Есть у В. Пяста шуточное стихотворение «Питер против Москвы» (1921), в нем хор москвичей бодро поет, посрамляя питерцев: «Есенин у нас – класс, / Ваш хилый Кузмин (что?) – сплин»[13] и т.д. Прошла и почти забыта та пора, когда Есенин Лелем пришел в квартиру А. Ремизова на Таврической – «в нескладном “спиджаке” ковылевый», «ласково читал о “серебряных лапоточках”»[14]. Ремизов и в 1926 г. вспоминал о нем – «кудрявом мальчике»[15], но с грустью. Есенин рано заявил о себе как о подлинно талантливом и независимом поэте, а в 1915 г. он попробовал свои силы в прозе. Причем он читал «Пламень». Может, этот роман отчасти побудил его написать повесть о крестьянстве. Впрочем, как и «Серебряный голубь». Эпические жанры для него искушение и в раннюю, и в зрелую пору. Он следил за современной прозой и в 1910-е, и в 1920-е гг., особенно привлекали стилевые опыты А. Белого, Вс. Иванова, Б. Пильняка. Он эстетически воспринимал Библию. Он писал поэмы с эпической основой. Вернувшись с Кавказа, сообщил, что начал писать роман[16]. Наконец, его кумиры, А. Пушкин и М. Лермонтов, – поэты и прозаики… «Яр» – очень интересное произведение, в нем классика и модернистский стиль, в нем прозаизмы и поэтический язык с библейской – версейной – строфикой[17], в нем тропы, вроде «месяц в облаке качался, как на подвесках», щеколда «с инистым визгом стукнула о пробой», по селу «сопела грязь» или «думы смеялись»), и настоящая художественная почвенность. «Яр» – произведение самостоятельное; если в нем и просматривается податливость литературным традициям[18], то все же она случайная.

«Яр» написан в том же году, когда вышла декабрьская статья М. Горького «Две души»; Есенин словно предварил выступления[19] о русском характере, которые последовали за горьковской статьей. Позиция Есенина, неофита в прозе, зрелая: в «Яре» нет ни пасторальности, ни снобизма, но в нем есть «живая жизнь» деревни. «Яр» и написан был в деревне. Весной – летом 1915 г. Есенин жил в Константинове, общался с местными стариками и старухами, вином их угощал, накапливал впечатления, сюжеты, специфическую лексику, записывал песни и сказки, с Л. Каннегисером – тот гостит у него – ходил в Иоанно-Богословский мужской монастырь… В то время случилась настоящая беда – падежа скота от сибирской язвы. Еще одна беда – молодежь отправляли на фронт; он и сам был вынужден явиться в Рязанское присутствие по воинской повинности. Он сохранил в повести и название хутора, что в четырех километрах от Константинова, и имена константиновцев.
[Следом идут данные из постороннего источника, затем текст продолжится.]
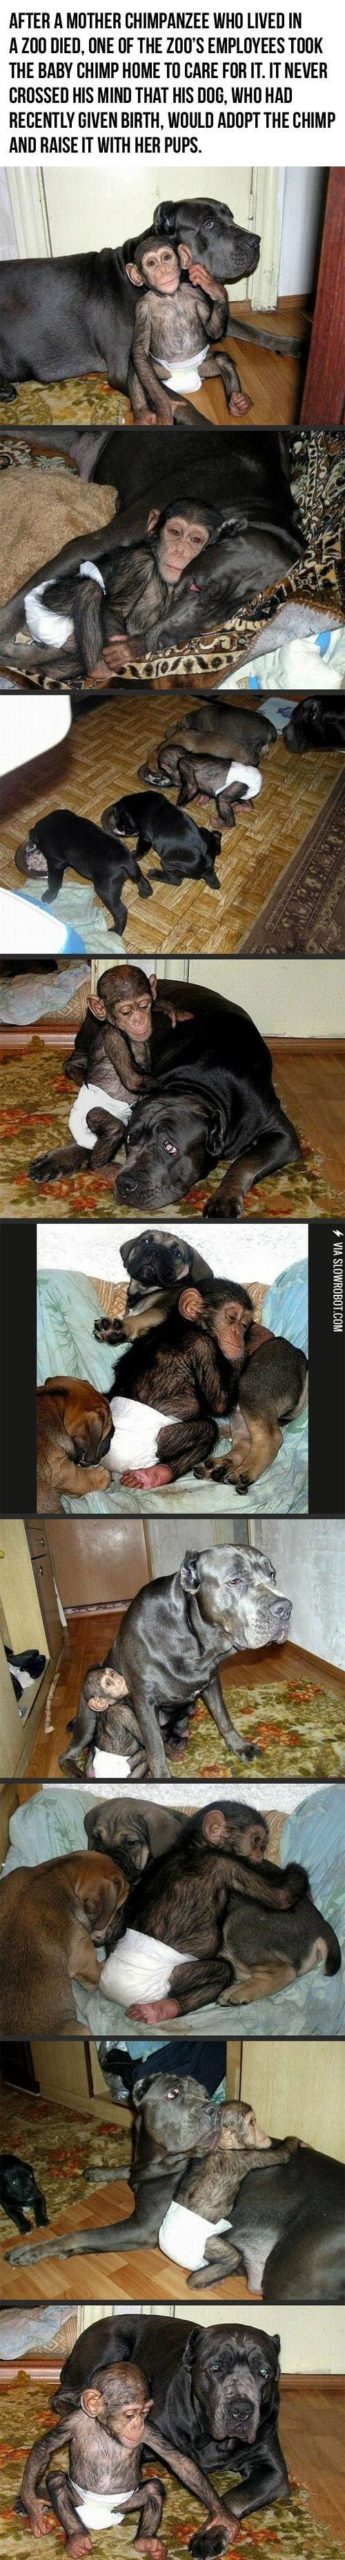 A+baby+chimp+adopted+by+a+dog.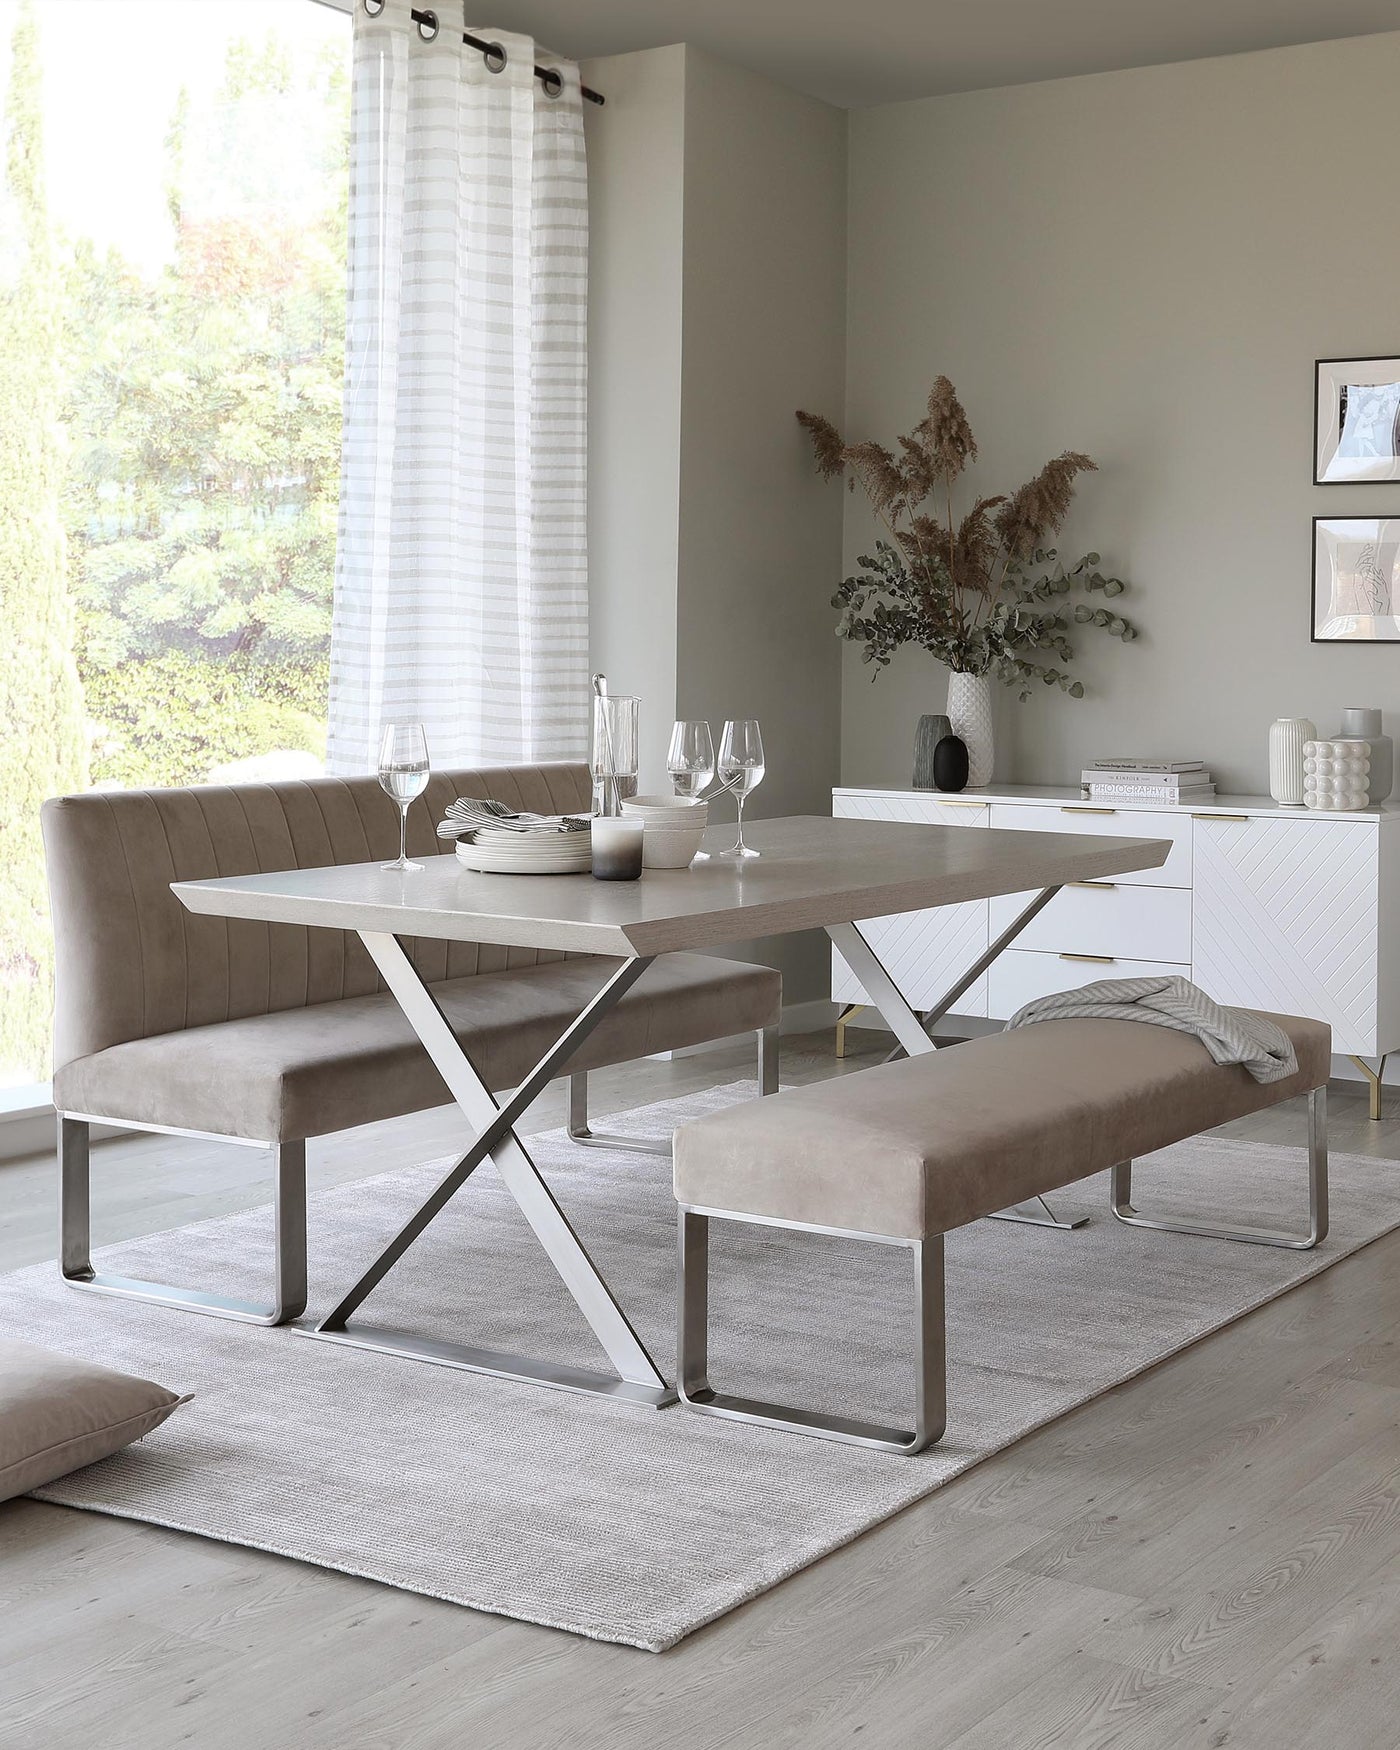 Modern dining room furniture set including a rectangular table with a white marble top and distinctive crisscross silver metal legs. Accompanying the table is a taupe upholstered L-shaped bench and a matching bench, both with sleek silver metal frames. The set is arranged on a light grey area rug on a wooden floor, with a minimalist sideboard and decor in the background.

«Яр» создан стремительно – Есенин как-то сказал, что «талант дураком приходит»[20]. Он, наверное, был переполнен впечатлениями. Иначе как бы он смог так быстро написать повесть о мрачной, страстной, естественной, сердечной крестьянской натуре, о многоликом деревенском мир. Тот или иной есенинский герой живет своей и мирской жизнью, женится на нелюбимой, изменяет, переживает смерть ребенка, топится, травит себя спорыньей, копит деньги на строительство церкви, лишается куска земли, куражится, дерется, жалеет, насмерть забивает человека, попадает в острог, мстит, влюбляется и, конечно, трудится. Слабый ли человек или яркий, достойный или «живорез», он в полную силу «делает жисть». Гениальный Г. Свиридов, размышляя о Есенине, отметил такое национальное свойство, как доходить «до края, до смерти», «сгубить себя на миру», принять смерть как удаль, восторг, по пословице «На миру и смерть красна»[21]. Народ в «Яре» суеверен – жестоко, дико и поэтично. Вот описание обряда против ящура:

«При опахивании, по сказам стариков, первый встречный и глянувший – колдун, который и наслал болезнь на скотину.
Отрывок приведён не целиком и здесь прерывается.